最後まで俺たちを引き留めたのは麟堂であった。
「凪本。お主の大鴉は戻ってくることもできるのか。通常の大鴉は往復のどちらか片道にしか使えぬのだがの」
「ああ。俺のは別誂えと思って貰えばいい。そもそも迷宮の内でしか使えぬあんたらの大鴉とは端から仕掛けが違うんだよ。こればっかりは説明しようもねえのさ」
「怪しい男よ。事によると脊川黙雷よりもずっと警戒を要する相手やもしれぬ」
刹那、凪本と麟堂の視線が火花を散らした。先に眼差しを外したのは凪本であった。
「年寄りが、そんなにきりきりしなさんな。俺は無害な風来坊。立ち寄った仮宿でちょいと愉しみを見つけただけなのさ。少し長居しすぎちゃいるがね」
不思議と哀切な口調でもって凪本は言の葉を刻んだ。そして奇妙な尻取り遊びの続きのように俺の耳元へ呟くのであった。

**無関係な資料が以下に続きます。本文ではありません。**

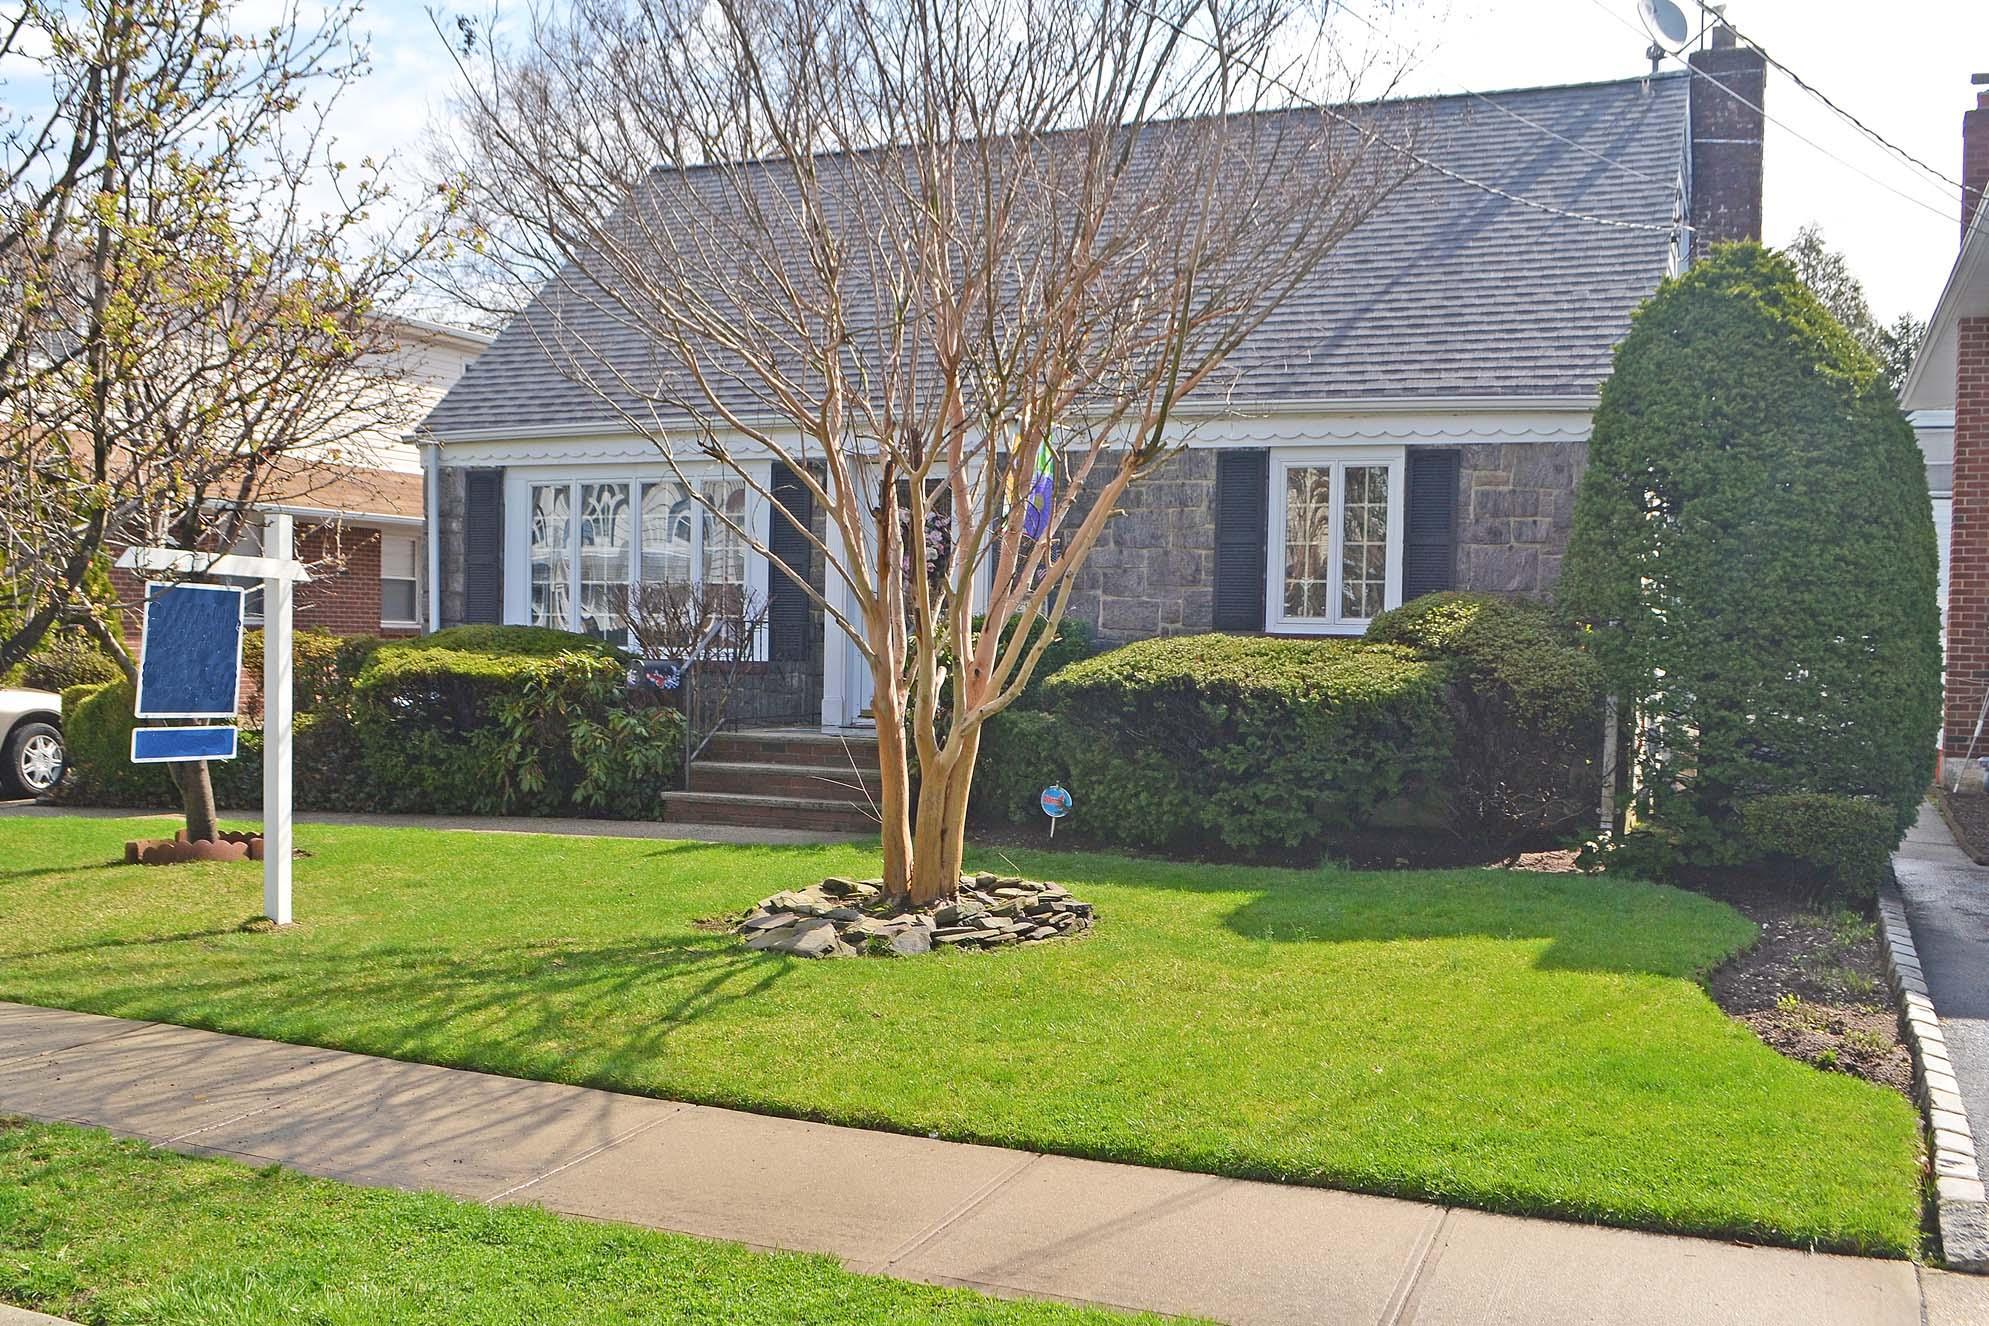 212 Caroline Ave, Garden City, NY 11530 - Estimate and Home Details ...

「――さて、これから君をこの座標から取り除く。活版印刷の誤字を塗りつぶすように黒鳥の嘴が俺たちを啄む。そうして深淵へ――底の底へと滑り落ちていく」
合図もなく、品川の道場も父も弟も伍の仲間たちも消えた。空気も温度も東西南北の方位さえも変じた。五感のさんざめきが静まれば、そこはもう天外魔境であった。